4.4. Determination of NA Content

To determine the encased NA amount of NA-LDH hybrids and Eudragit® S100-coated NA-LDH, each sample (5 mg of NA-LDH hybrids) was dispersed in 0.1 M HCl aqueous solution, 65% ethanol (95%) solution and sonicated for 30 min to fully drain the NA out of the LDH lattice. NA content was further quantified at 262 nm by a Jasco UV/Vis spectrometer (V-630, Jasco, Tokyo, Japan).
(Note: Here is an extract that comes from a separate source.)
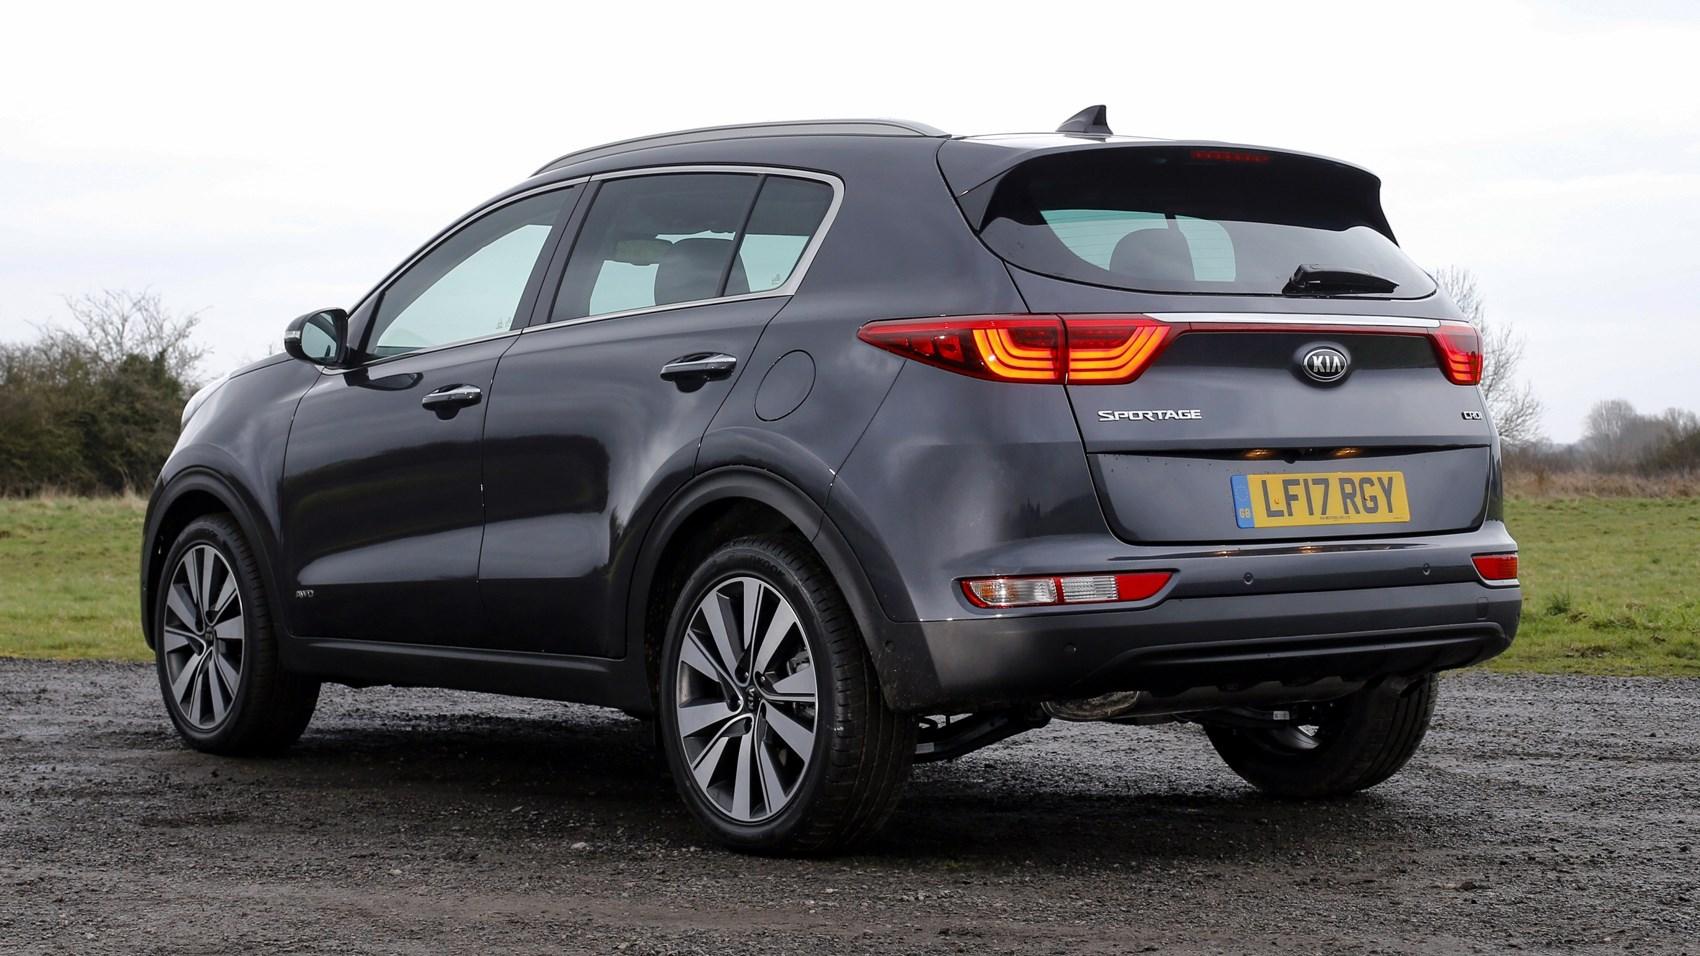 SUV modelo merkeenak 2019ko maiatza

4.5. In Vitro Release Experiment

The NA release was completed using a paddle stirring procedure (DST-810 dissolution tester; Labfine, Seoul, Korea). We set the impeller speed at 50 rpm at 37 °C. Various samples that are in equivalence with 20 mg NA were mixed with 0.5 L release buffer. Samples were collected at pre-determined time points and were syringe-filtered using 450 nm PVDF filters (Thermo Scientific, Waltham, MA, USA). The NA was quantified as mentioned in Section 4.3. Each sample was measured in triplicate. Both gastric and intestinal buffers were used to simulate the fate of NA upon oral administration. The pH conditions of the release media were maintained at pH 1.2 and 6.8 to simulate the gastro-intestinal conditions, and experiments were conducted for 2 and 12 h, respectively.

4.6. MTT Analysis

MTT analysis was completed according to the previous protocol [87]. MTT is based on the reduction of the yellow tetrazolium salt MTT to a purple MTT formazan if the cells are viable with no toxicity. To demonstrate the cell viability of intact NA, pristine LDH and NA-LDH, MTT assay was performed in L929 cells under various concentrations (2.5 to 100 µg/mL) of particle after incubating for 24 h of treatment. For this, the normal fibroblast cell line (L929) was purchased from Korean Cell Line Bank and the cells were cultured in RPMI (Roswell Park Memorial Institute) 1640 medium (gibco. Ltd., New York, NY, USA) and maintained as reported before [87]. Various samples, i.e., NA, pristine LDH and NA-LDH in the concentration range of 2.5–100 μg/mL, and treated cells were kept in the CO2 incubator for 24 h. The cytocompatibility was detected by measuring the MTT formazan crystals by measuring absorbance at 540 nm using UV/Visible spectrophotometer (Multiskan FC, Thermo Scientific, Waltham, MA, USA).

5. Conclusions

In summary, we successfully intercalated NA molecules into a 2D lattice of LDH via the coprecipitation method in order to protect the NA very efficiently. After formulating the NA-LDH hybrid with Eudragit® S100, which would be soluble in intestinal conditions, it would thereby be expected to have sustained NA release under gastrointestinal conditions. Additionally, the MTT assay revealed good biocompatibility of the hybrid drug, suggesting that it can be a potential drug delivery system without undesirable side effects, such as erythema and flushing, and requires administration of multiple doses and enhancing the bioavailability of NA.